**Exercise:**
Reproduce the listing that follows in full. Omit its images.

**Data:**
+ + +

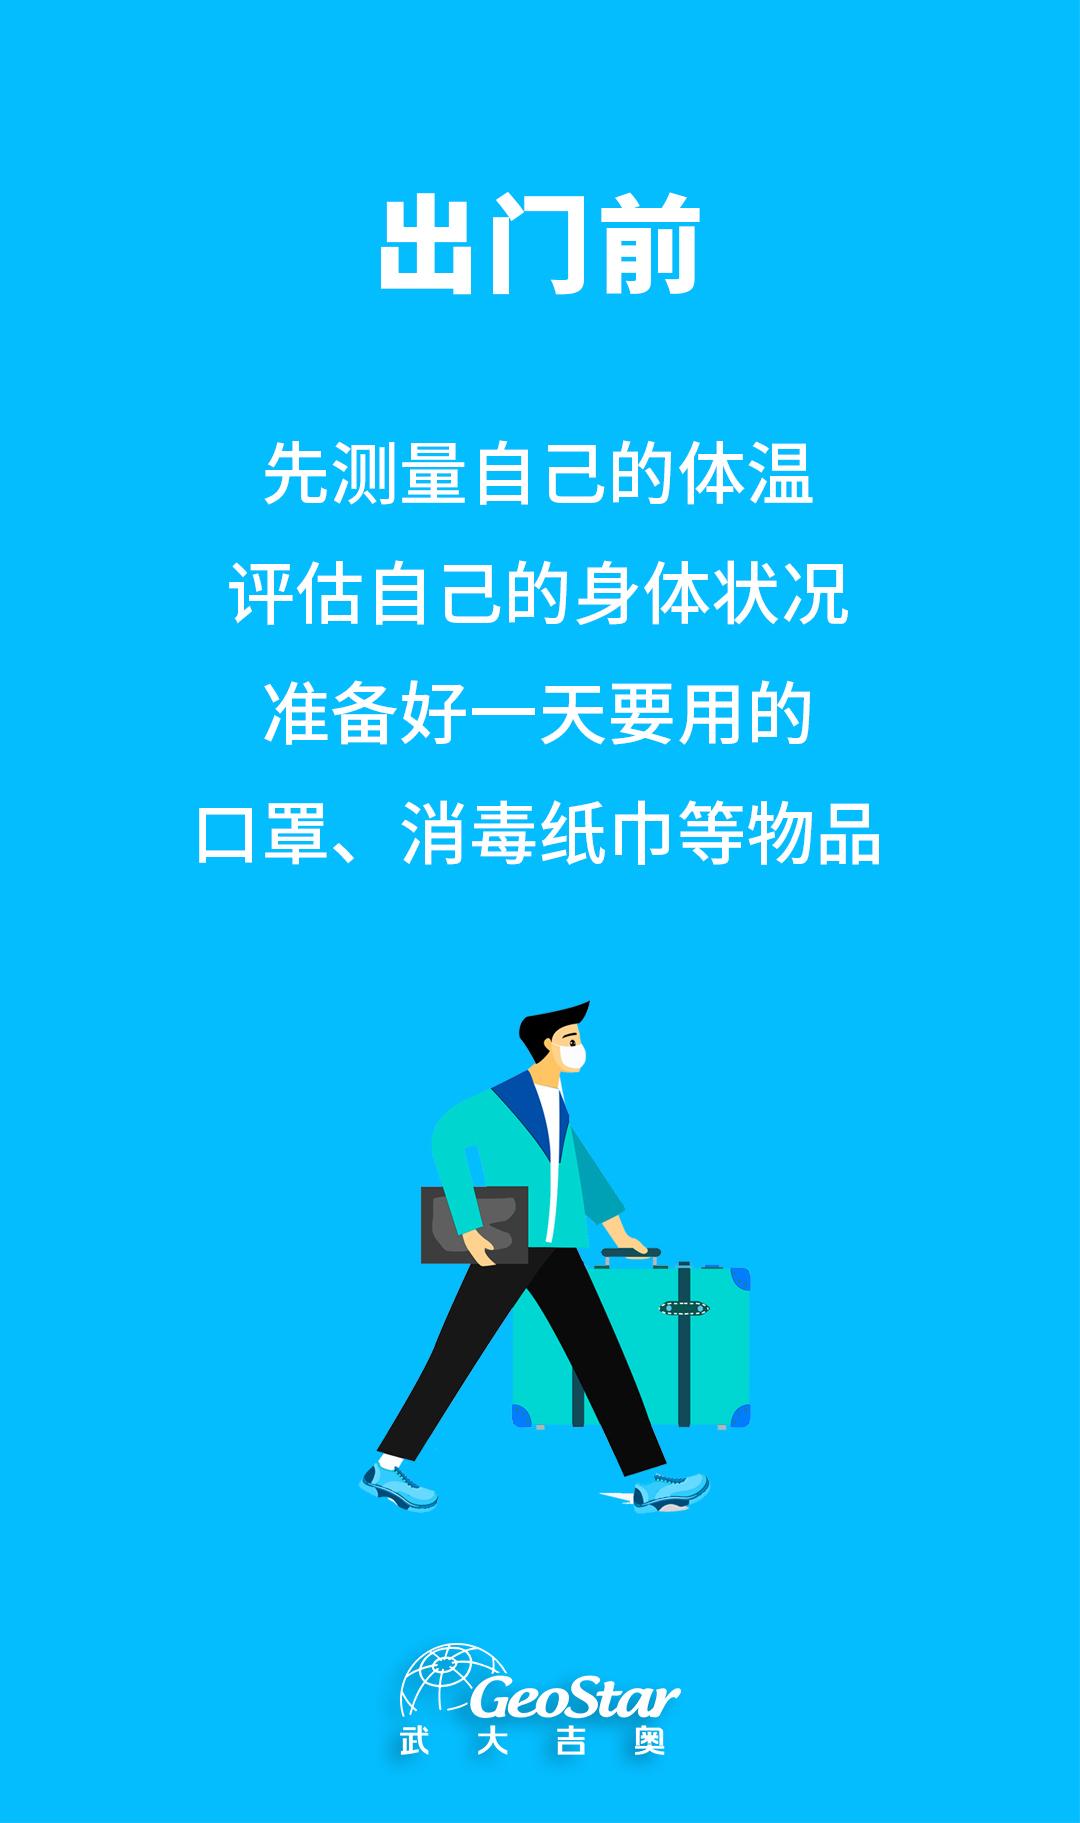 1.地信企业复工防疫指南-出门前
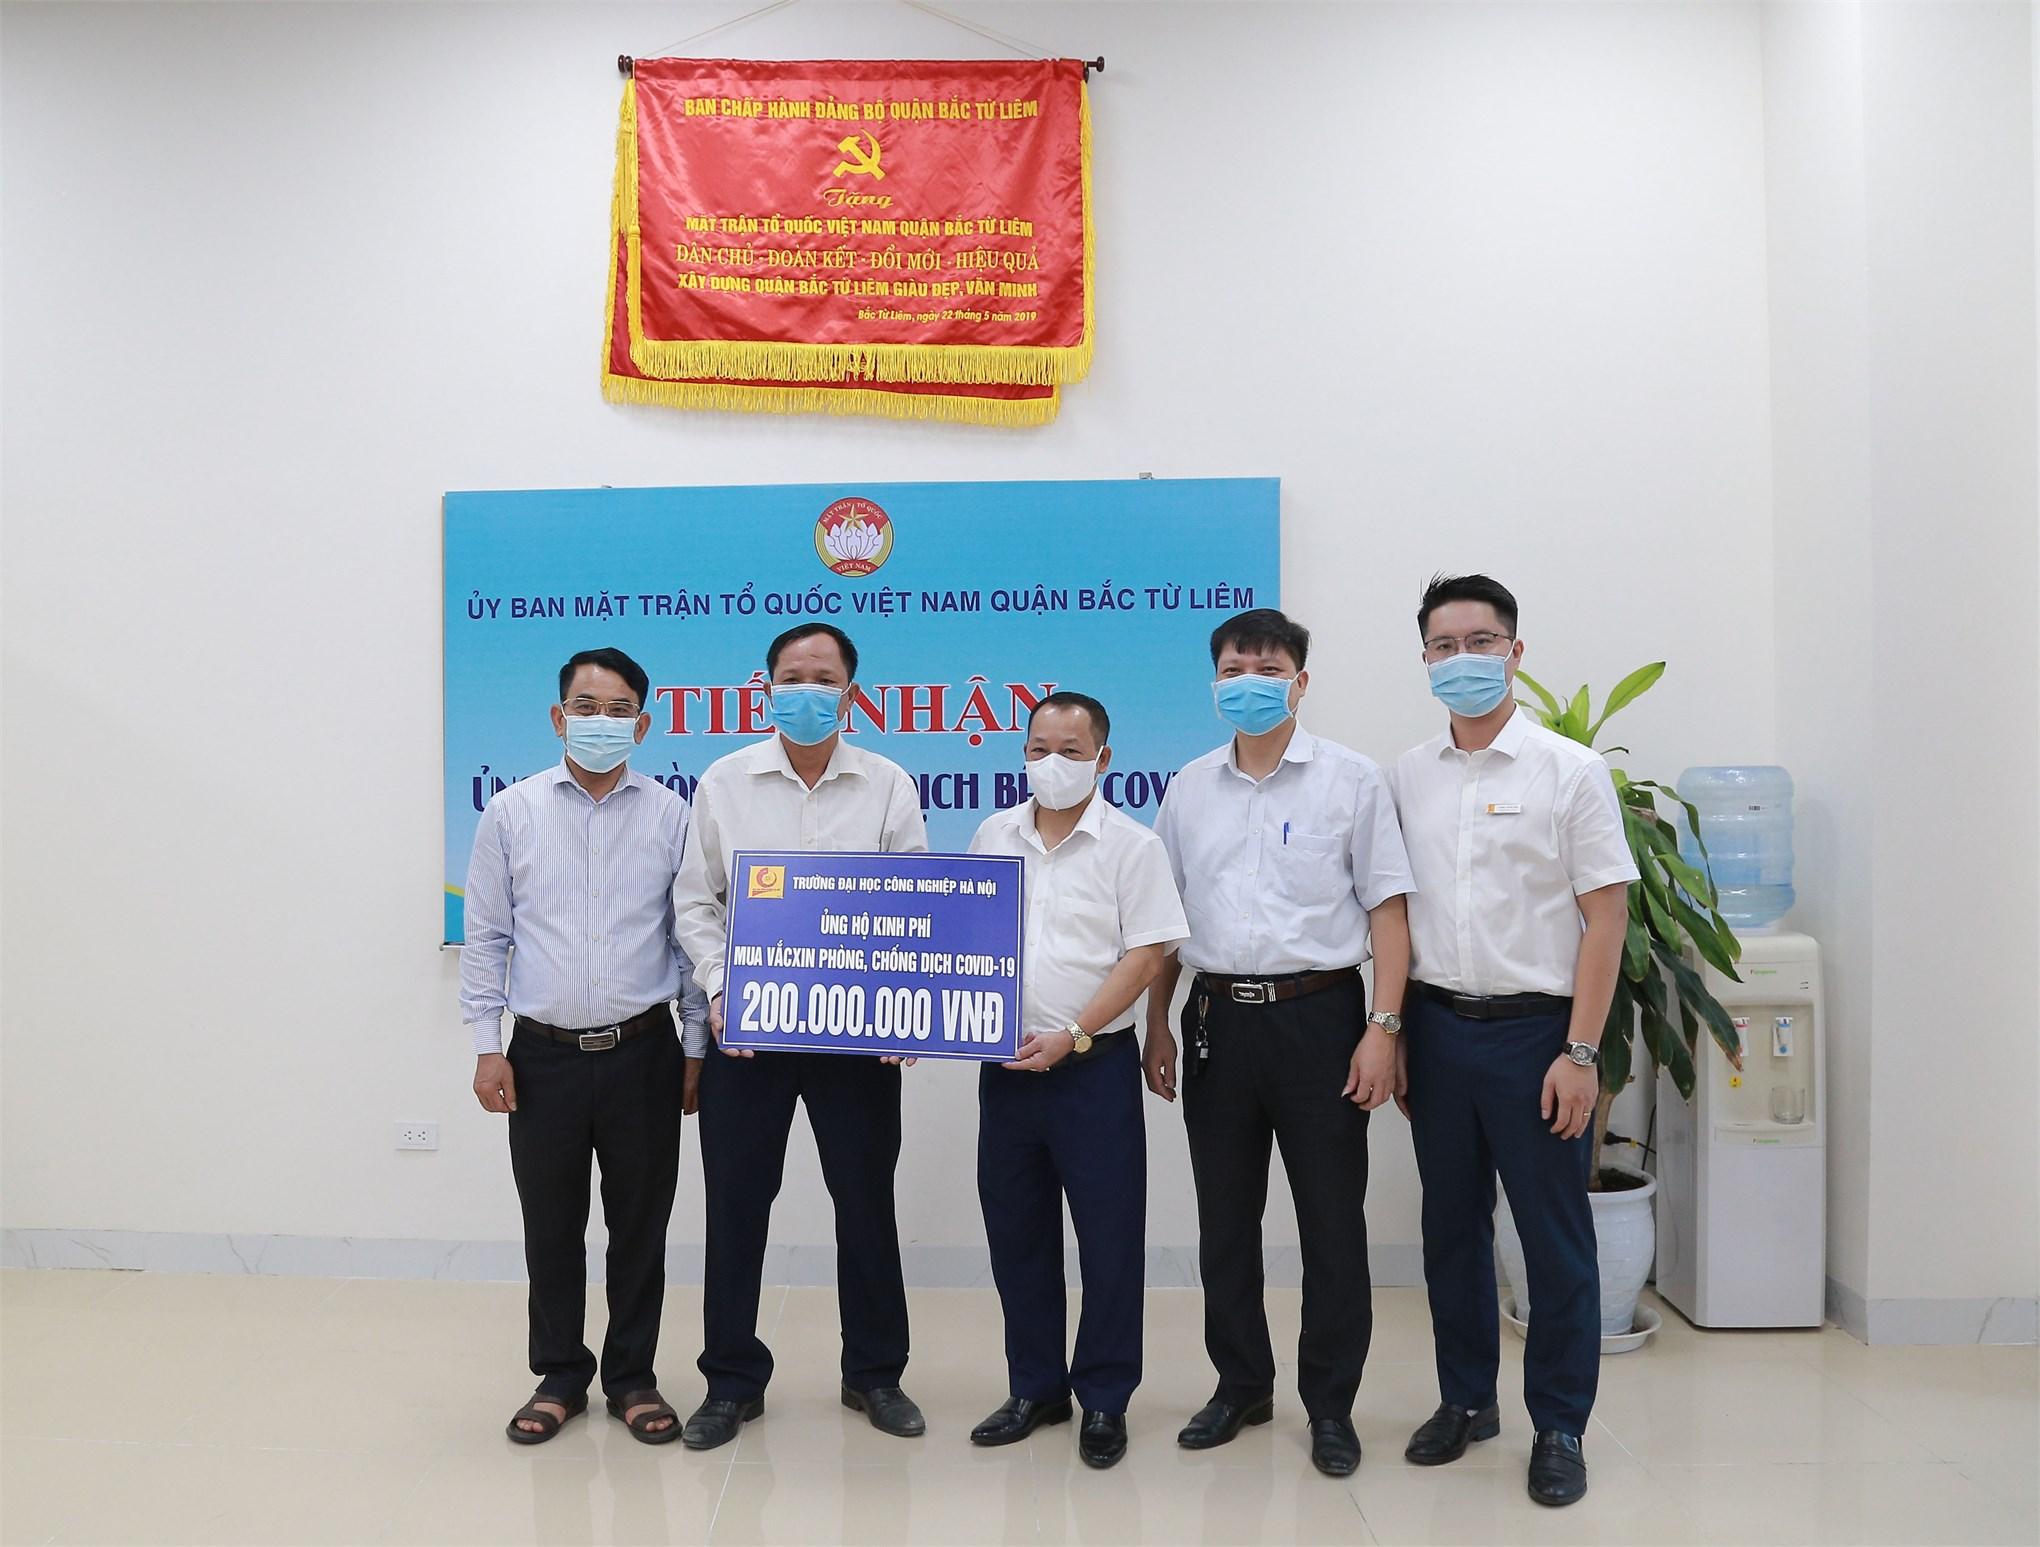 """Đại học Công nghiệp Hà Nội ủng hộ 200 triệu đồng cho """"Quỹ vắc - xin phòng chống Covid -19"""""""
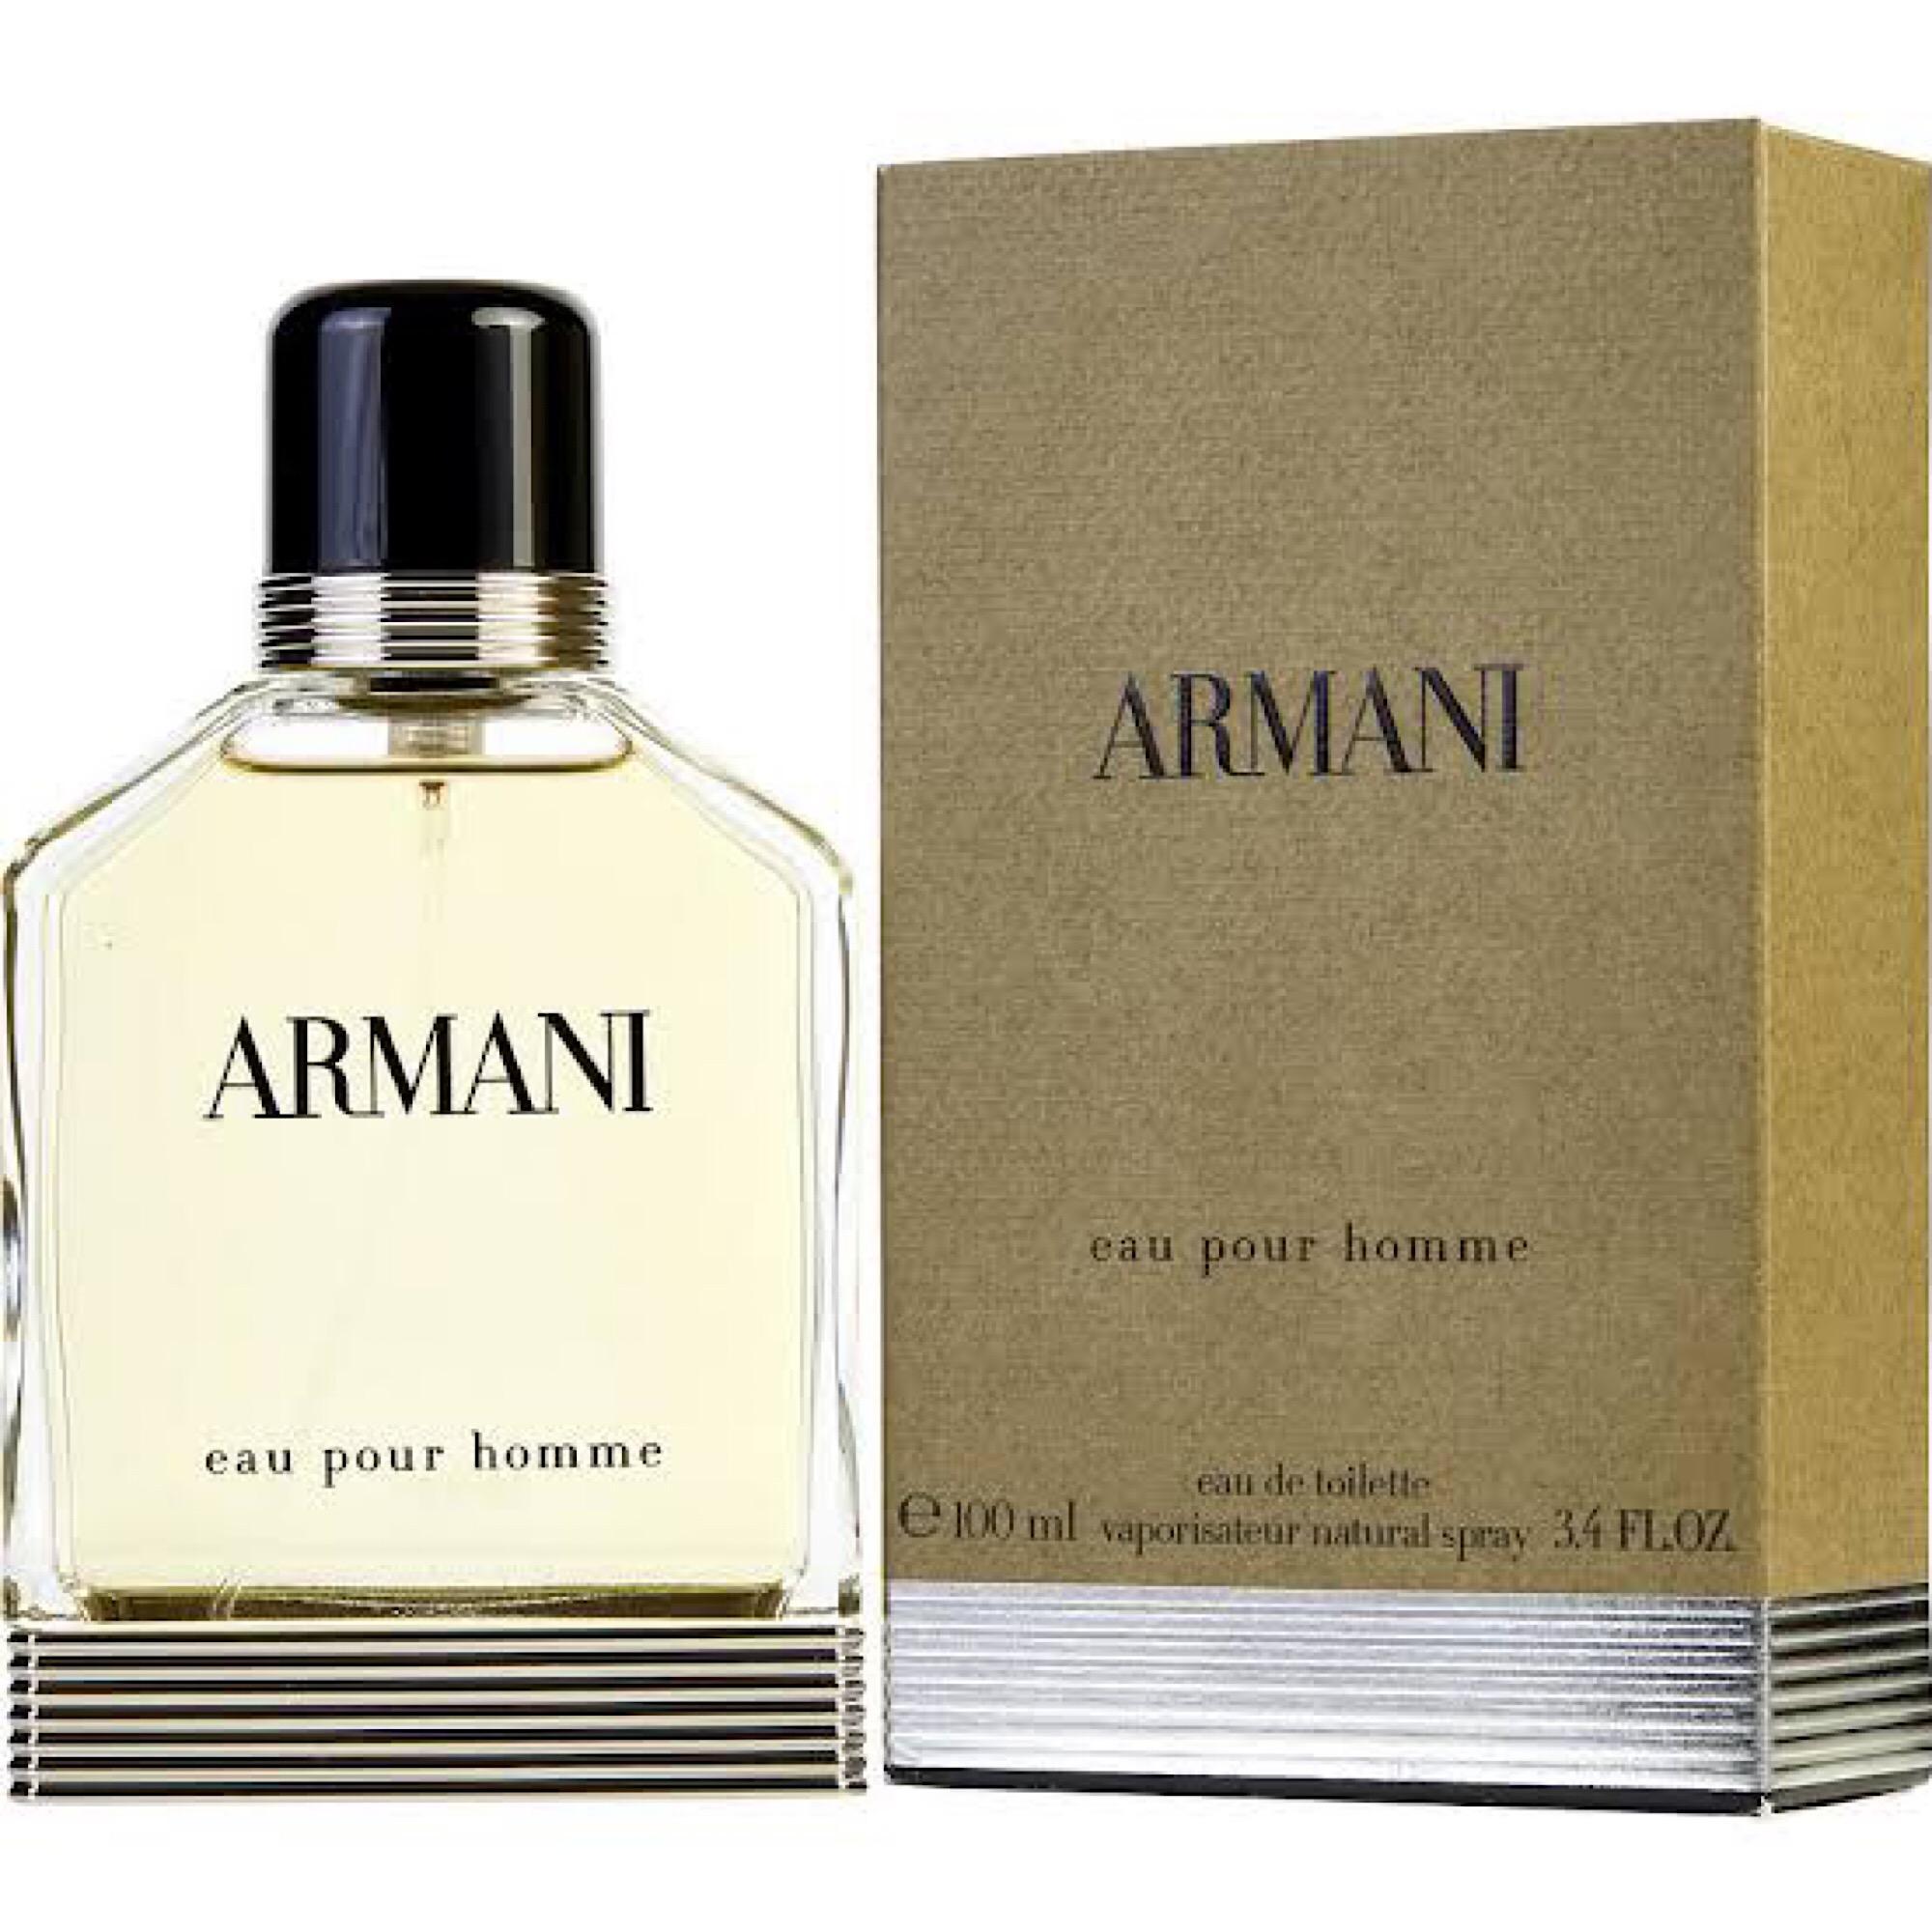 Exchange armani perfume for men photo rare photo

+ + +

**Answer to this exercise:**
 1.地信企业复工防疫指南-出门前
 """Đại học Công nghiệp Hà Nội ủng hộ 200 triệu đồng cho """"Quỹ vắc - xin phòng chống Covid -19"""""""
 Exchange armani perfume for men photo rare photo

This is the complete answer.